TASK REQUIREMENTS
Where the listing shows an image, skip it and output all other material unchanged.

DATASET CONTENT
┏━━

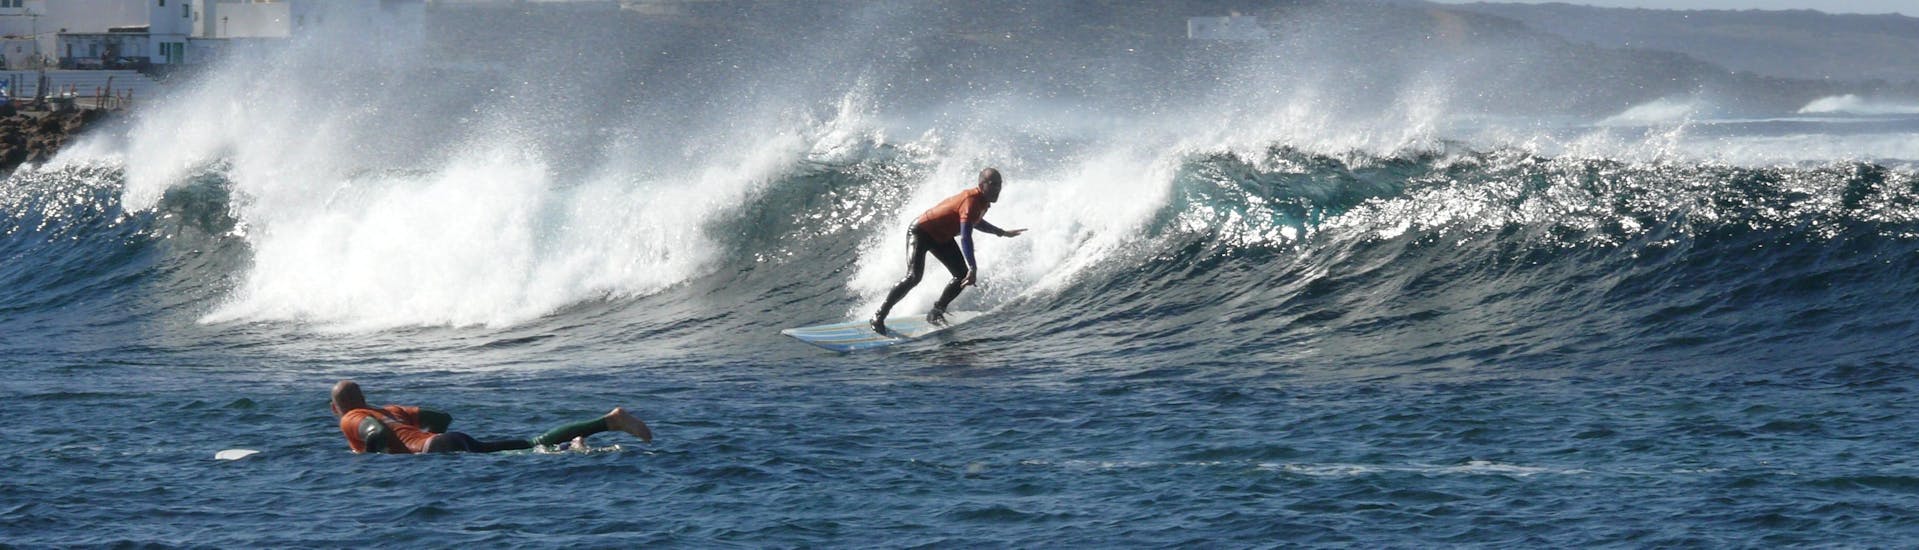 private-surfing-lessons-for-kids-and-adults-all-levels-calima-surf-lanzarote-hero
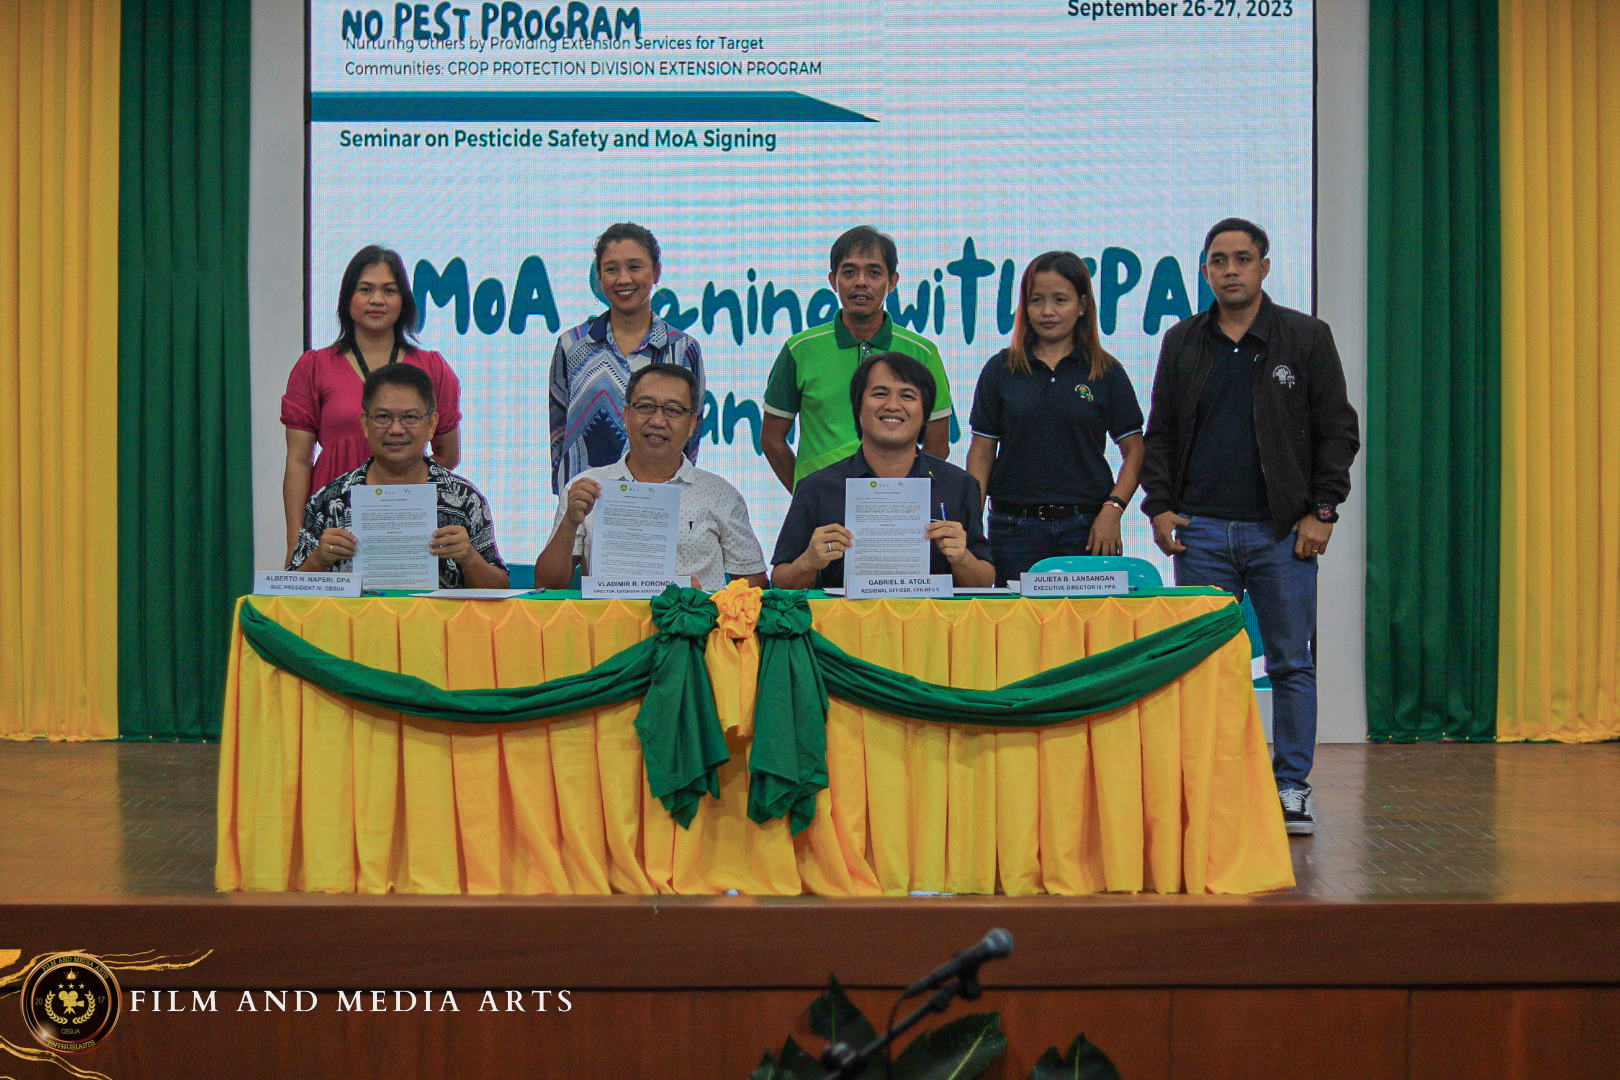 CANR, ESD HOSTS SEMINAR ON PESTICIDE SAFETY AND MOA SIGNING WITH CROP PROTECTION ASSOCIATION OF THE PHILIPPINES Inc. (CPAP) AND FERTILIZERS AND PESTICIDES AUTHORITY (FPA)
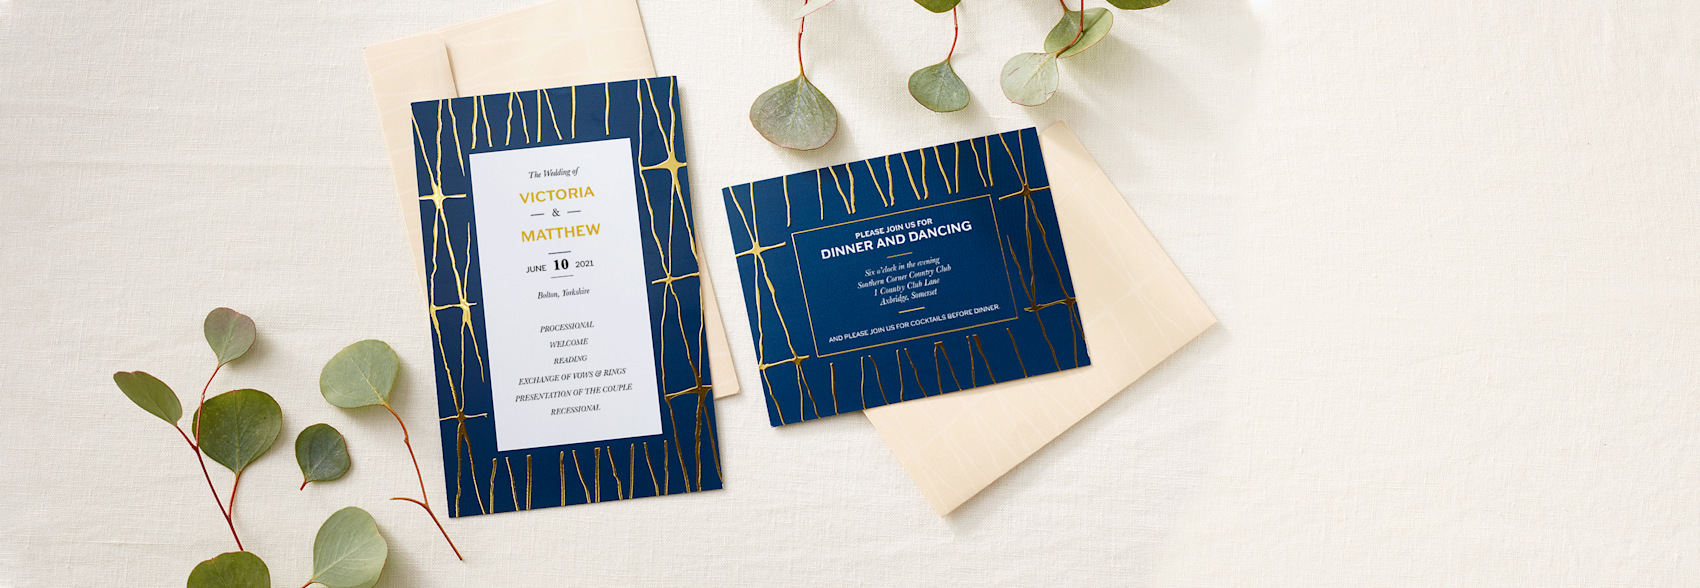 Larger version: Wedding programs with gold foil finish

┗━━

ANSWER TO THIS PROBLEM
 private-surfing-lessons-for-kids-and-adults-all-levels-calima-surf-lanzarote-hero
 CANR, ESD HOSTS SEMINAR ON PESTICIDE SAFETY AND MOA SIGNING WITH CROP PROTECTION ASSOCIATION OF THE PHILIPPINES Inc. (CPAP) AND FERTILIZERS AND PESTICIDES AUTHORITY (FPA)
 Larger version: Wedding programs with gold foil finish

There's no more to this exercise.